Lysva () is a town in Perm Krai, Russia, located in the eastern part of the krai on the river Lysva,  from Perm. Population:

History
Lysva as a settlement was known in the middle of the 17th century. The lands around Lysva in the second half of the 18th century were inherited by the daughter of Baron Stroganov, Princess Shakhovskaya. In 1785 construction of the cast-iron foundry began. This year is officially considered the year of Lysva foundation. In 1902 owing to construction of the railway branch the plant, which had been producing iron from the imported pig-iron by that time, obtained a wide access to the country markets.

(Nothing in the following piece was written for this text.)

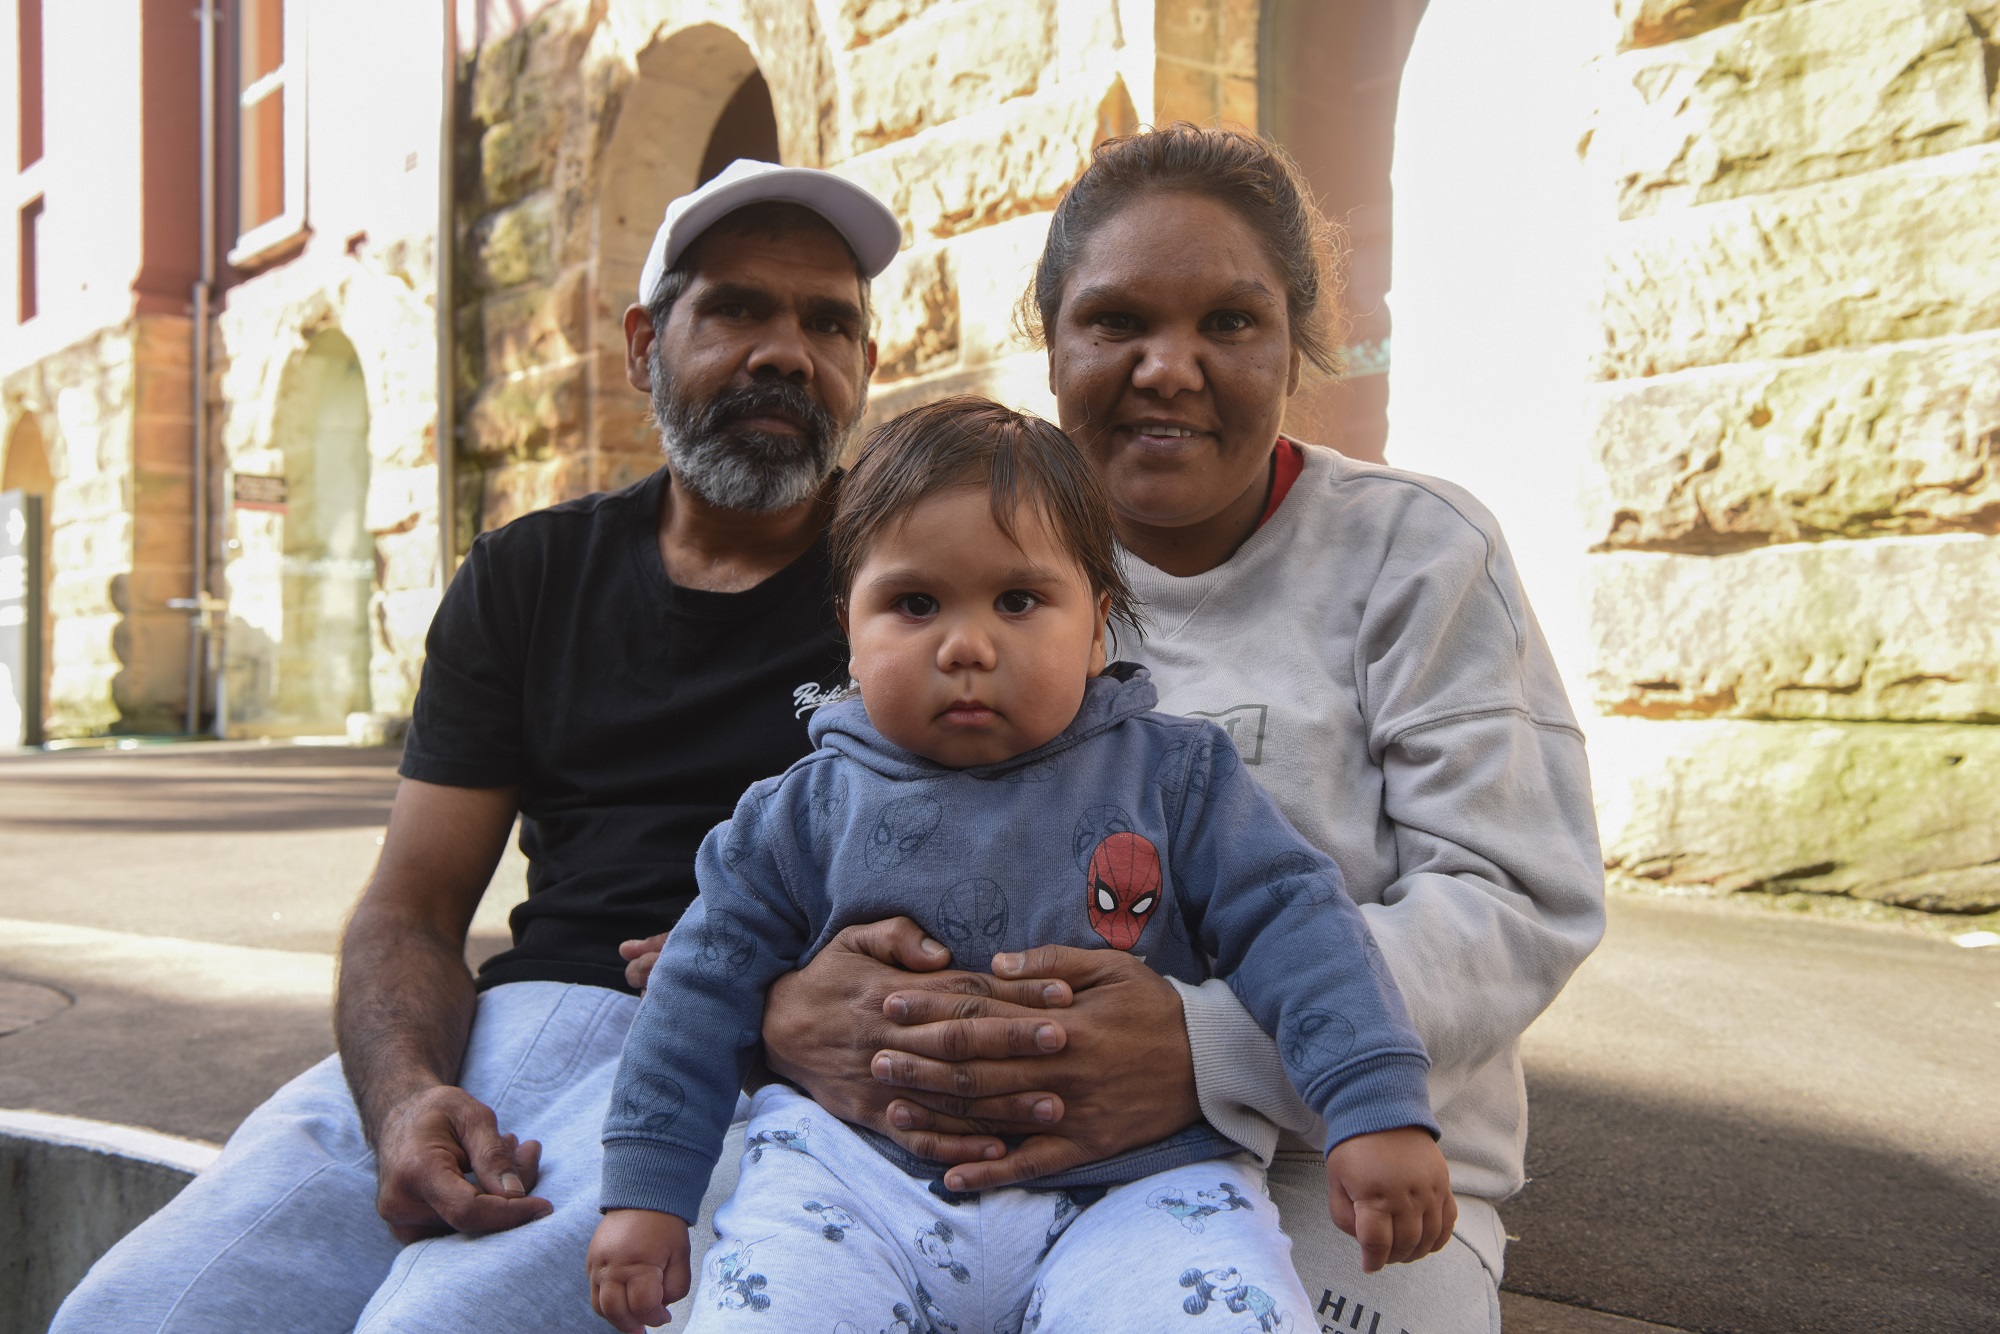 Aboriginal Early Years Program –  Positive outcomes providing support for Aboriginal families
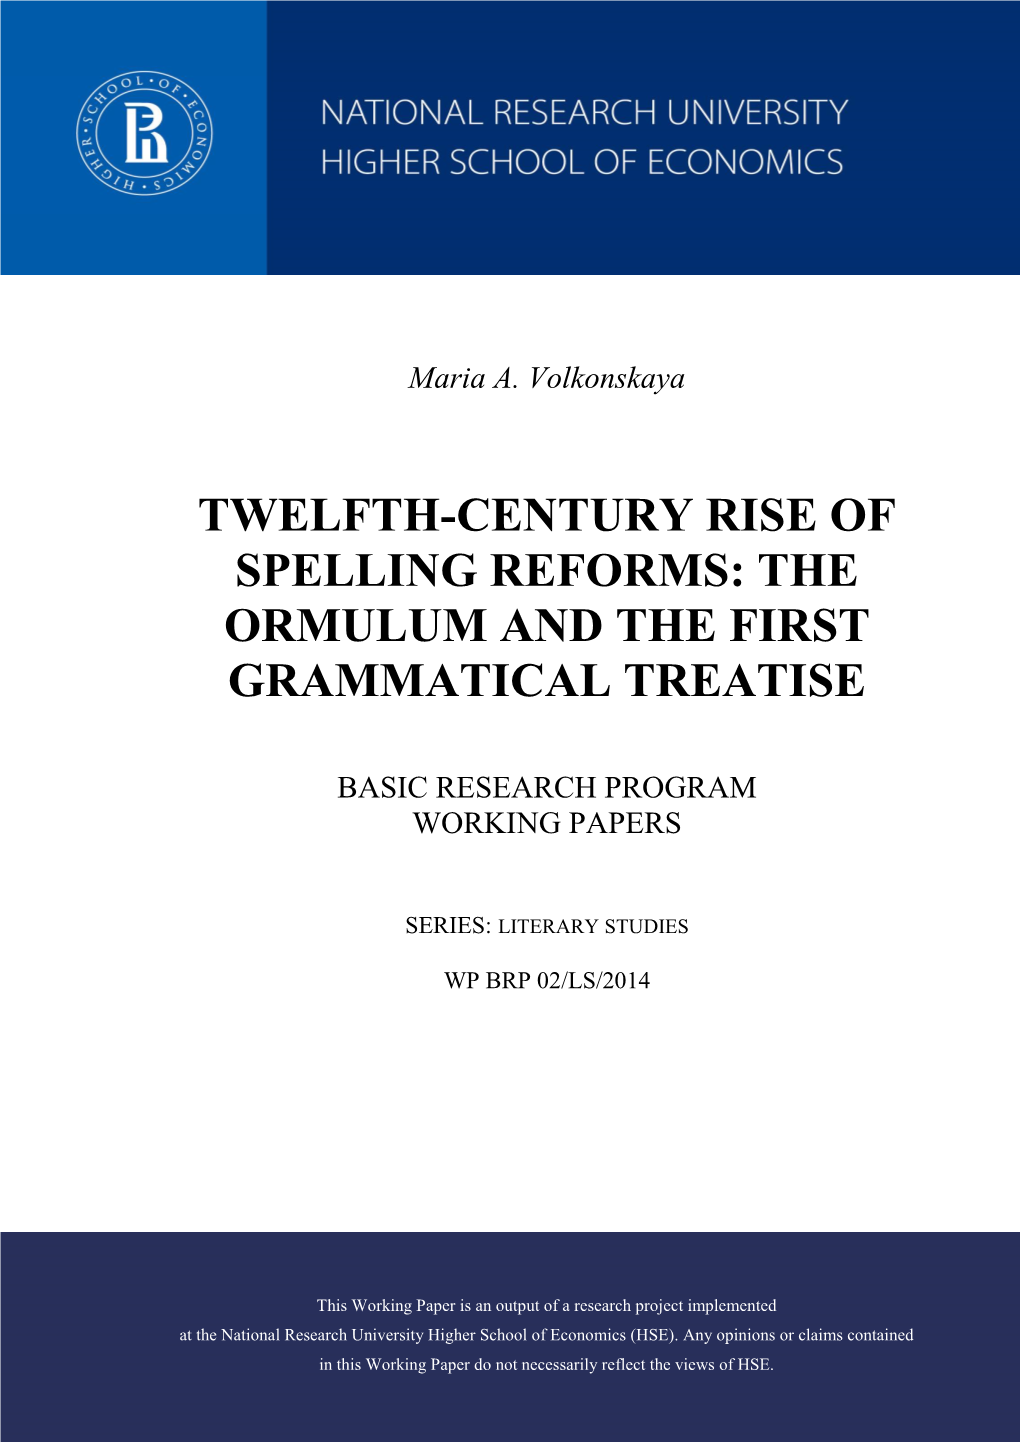 Twelfth-Century Rise of Spelling Reforms: the Ormulum and the First Grammatical Treatise

On the 5th of April, 1926 Presidium of All-Russian Central Executive Committee had granted Lysva city status.  After Great Patriotic War in Lysva began development of mechanical engineering, light industry. In the 1950th centre of the city was built up. In 1960-1980 years city extended its borders by building of new dwelling microdistricts. 

Today Lysva is one of the most important industrial and cultural centres of the Perm Krai.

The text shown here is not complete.